On Jan. 10, the SEC greenlit the 19b-4 applications from a slew of major financial players, including ARK 21Shares, Invesco Galaxy, VanEck, WisdomTree, Fidelity, Valkyrie, BlackRock, Grayscale, Bitwise, Hashdex, and Franklin Templeton. This move authorizes the listing and trading of spot Bitcoin ETFs on various exchanges. An initial posting of the filing on the SEC website was briefly replaced by an ‘Error 404’ message, before being made accessible again through an alternate link.

SEC decision approving Bitcoin ETFs. Source: U.S. SEC

This landmark decision marks the first time a regulated U.S. exchange-traded product will offer investors direct exposure to Bitcoin’s price, eliminating the need for direct purchase or self-custody of the cryptocurrency. Instead, investors can acquire shares in ETFs with Bitcoin as the underlying asset.

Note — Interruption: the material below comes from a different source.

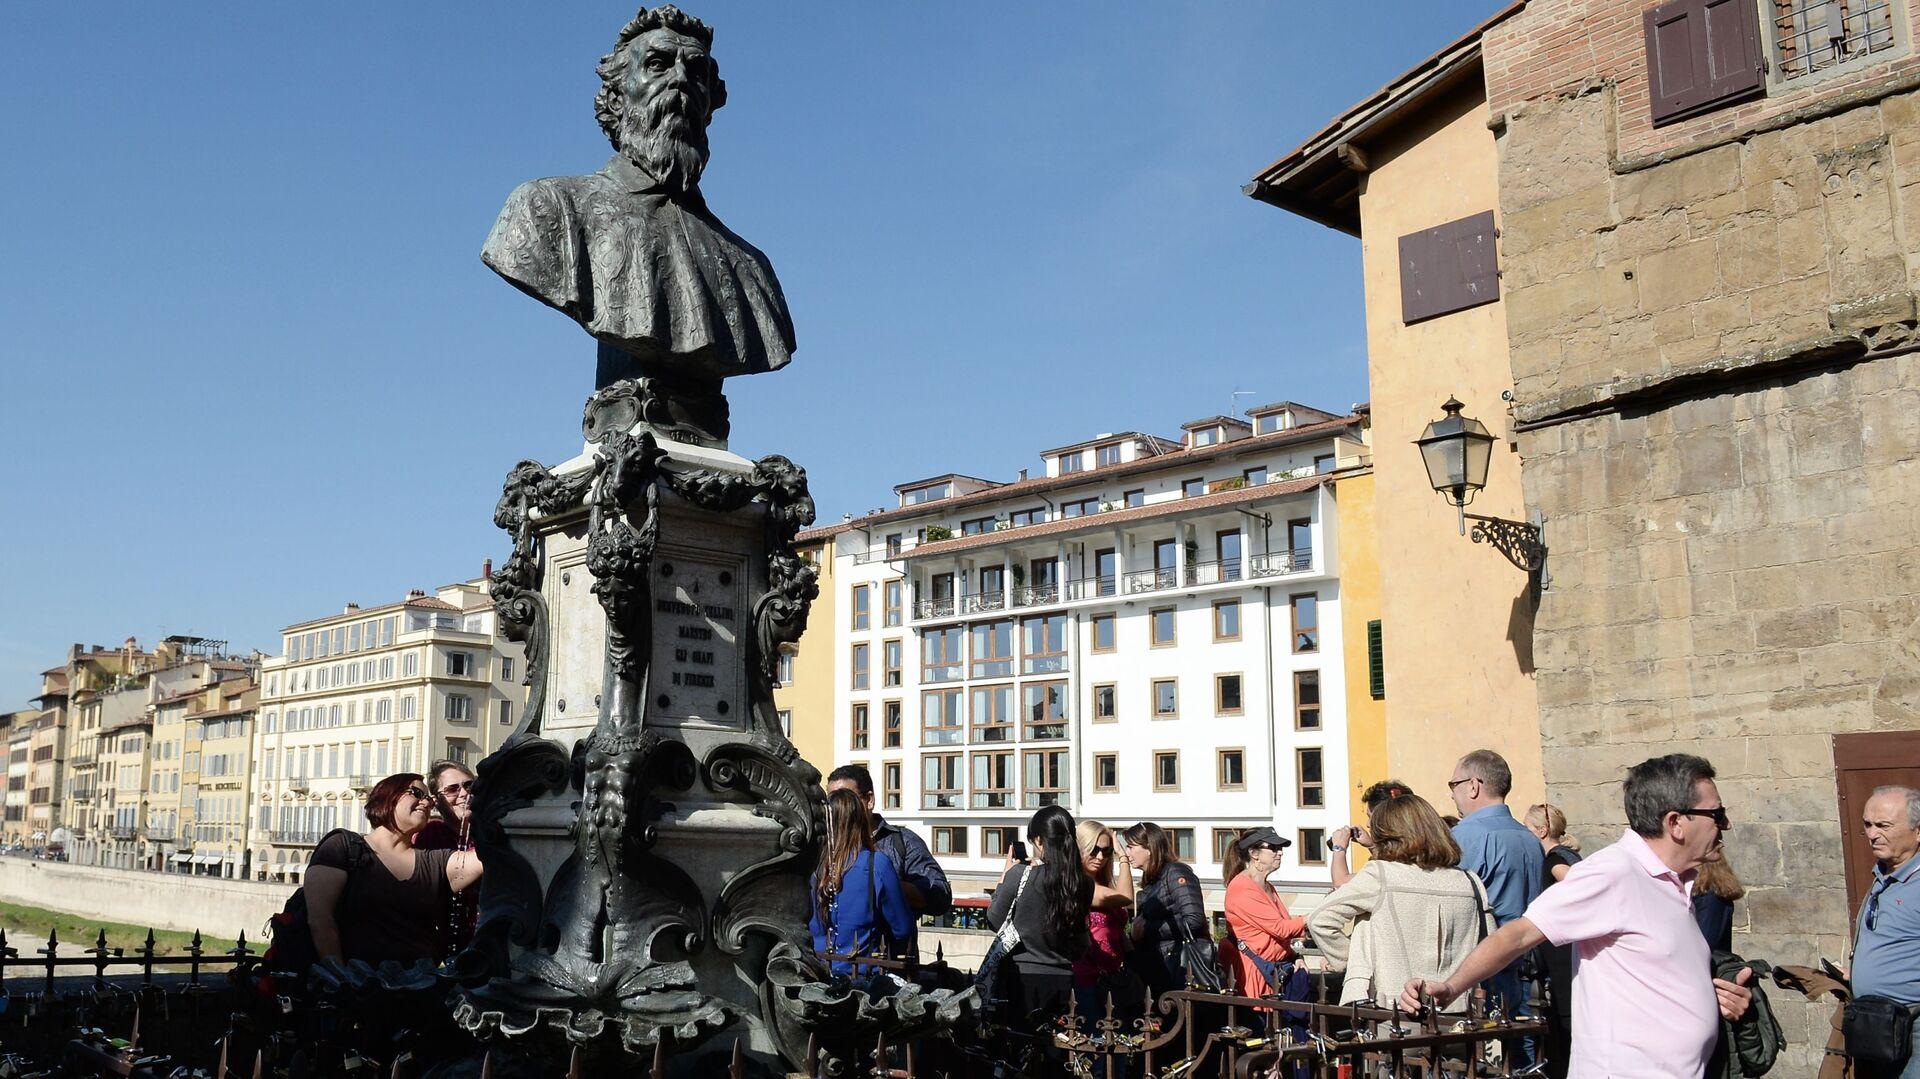 Turisti a Firenze - Sputnik Italia, 1920, 12.06.2021
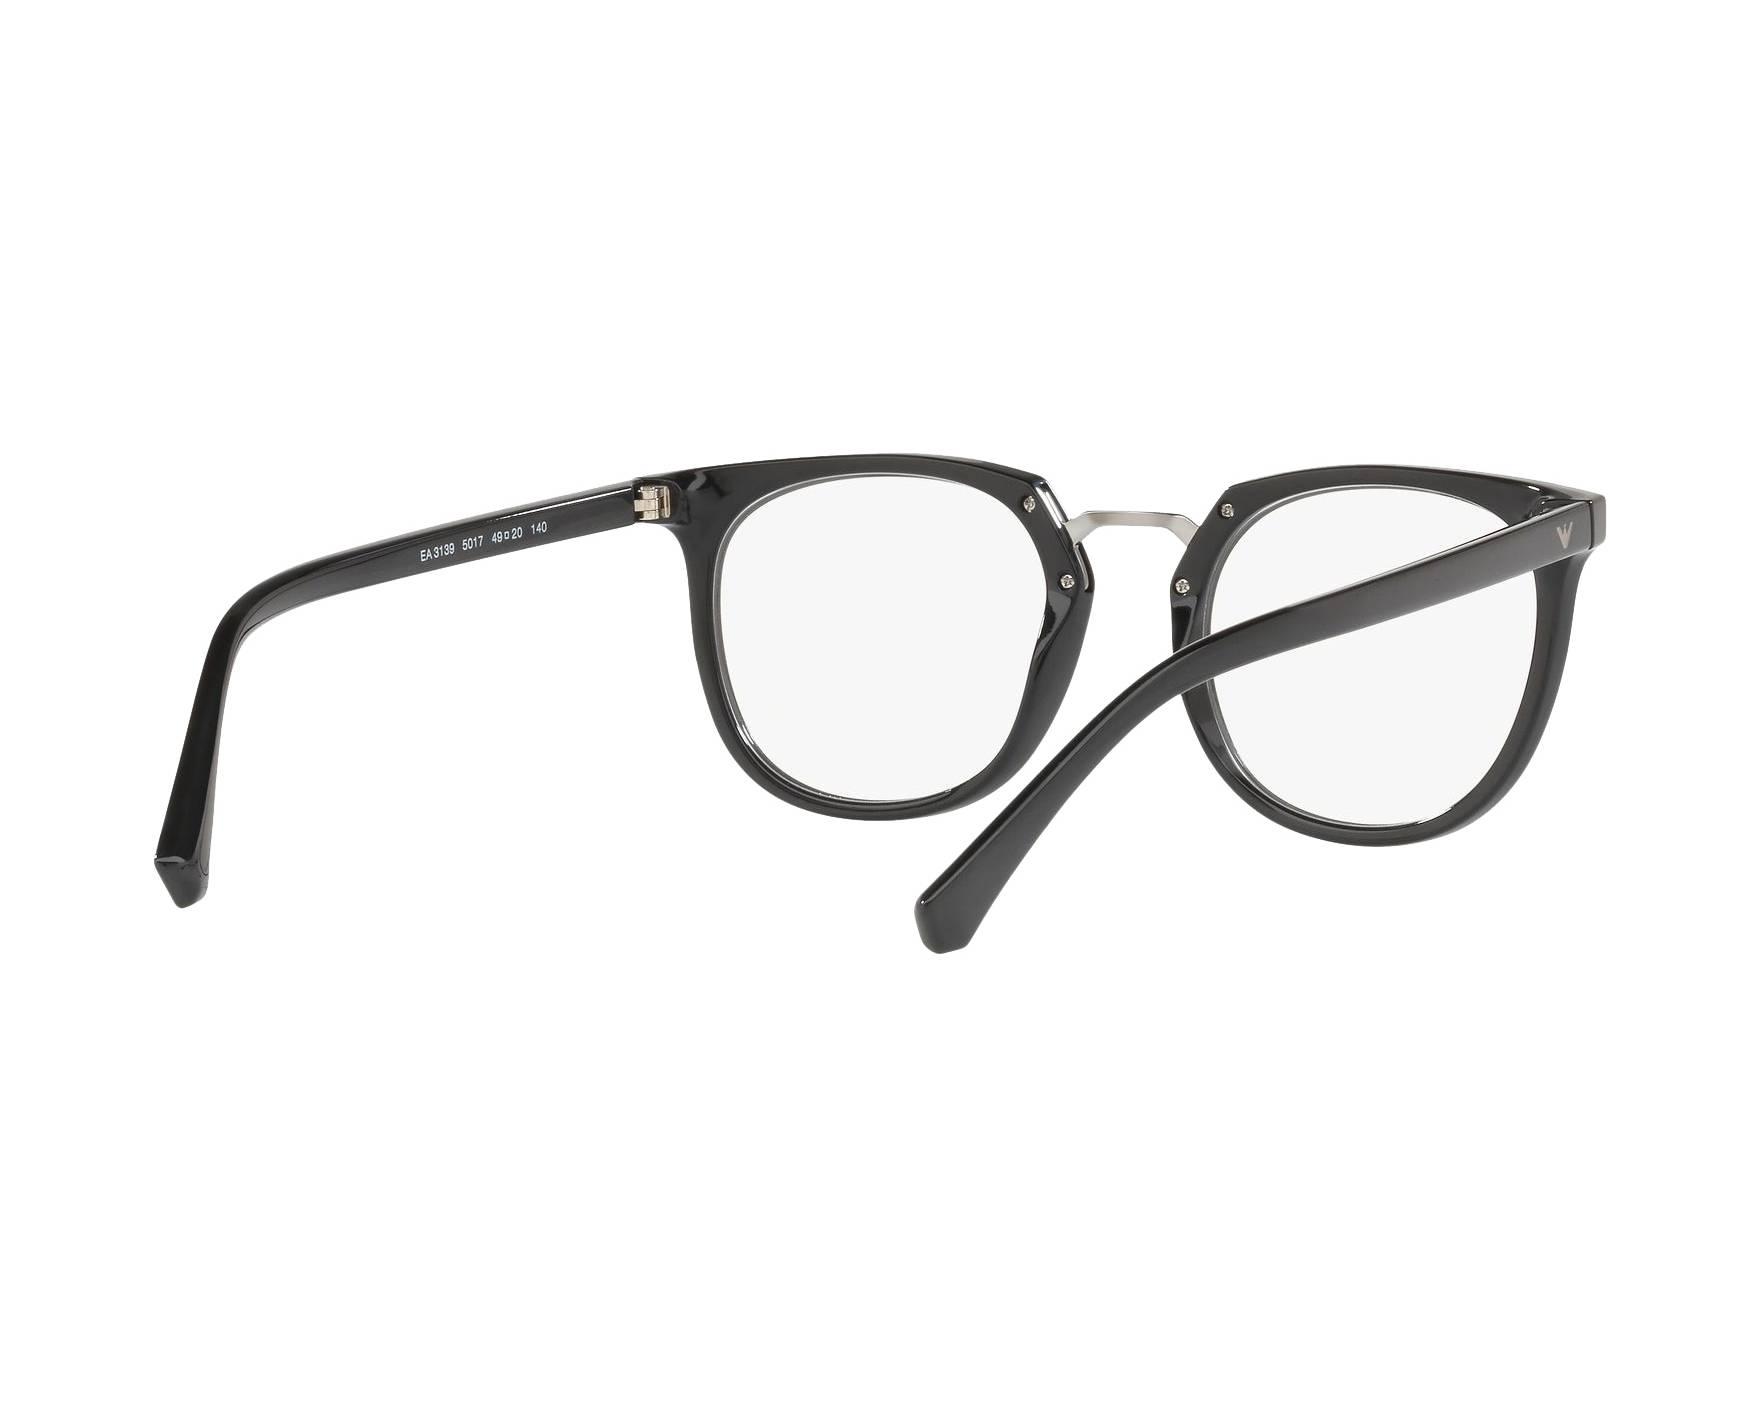 909e5c465ff eyeglasses Emporio Armani EA-3139 5017 51-20 Black 360 degree view 8

There was some confusion initially regarding the ‘Error 404’ message that appeared after the SEC’s approval of the 11 spot Bitcoin ETF filings. ETF analyst James Seyffart speculated on X (formerly Twitter) that this could have been either an accidental early release or a result of overwhelming site traffic. He anticipated that the document would be reposted regardless.

The journey to this approval has been a long one, stretching back to 2013 when Cameron and Tyler Winklevoss first sought to launch a Bitcoin ETF. Until now, the SEC had consistently rejected such proposals, citing concerns about market manipulation and fraud. However, the regulatory body revisited its stance following a successful legal challenge by Grayscale in August 2023, which led to the overturning of the SEC’s previous denial.

With the approval of spot Bitcoin ETFs, the financial industry is now keenly observing when these ETFs will commence trading. Estimates suggest significant inflows into these products, with Galaxy Research’s Alex Thorn predicting up to $14 billion in the first year and VanEck forecasting about $2.4 billion in the first quarter of 2024 alone.

These ETFs, which require the SEC’s approval of both the S-1 (or S-3) and 19b-4 forms, represent a crucial evolution in the cryptocurrency market. The recent filing amendments by ten issuers on Jan. 8, where they disclosed their intended fees, underscore the competitive landscape of this new investment product. BlackRock, the world’s largest asset manager, announced a fee of 0.2% until its fund reaches $5 billion in assets under management, with others like Bitwise, Ark 21Shares, and VanEck setting their fees slightly higher. Grayscale stands out with the highest fee rate at 1.5%.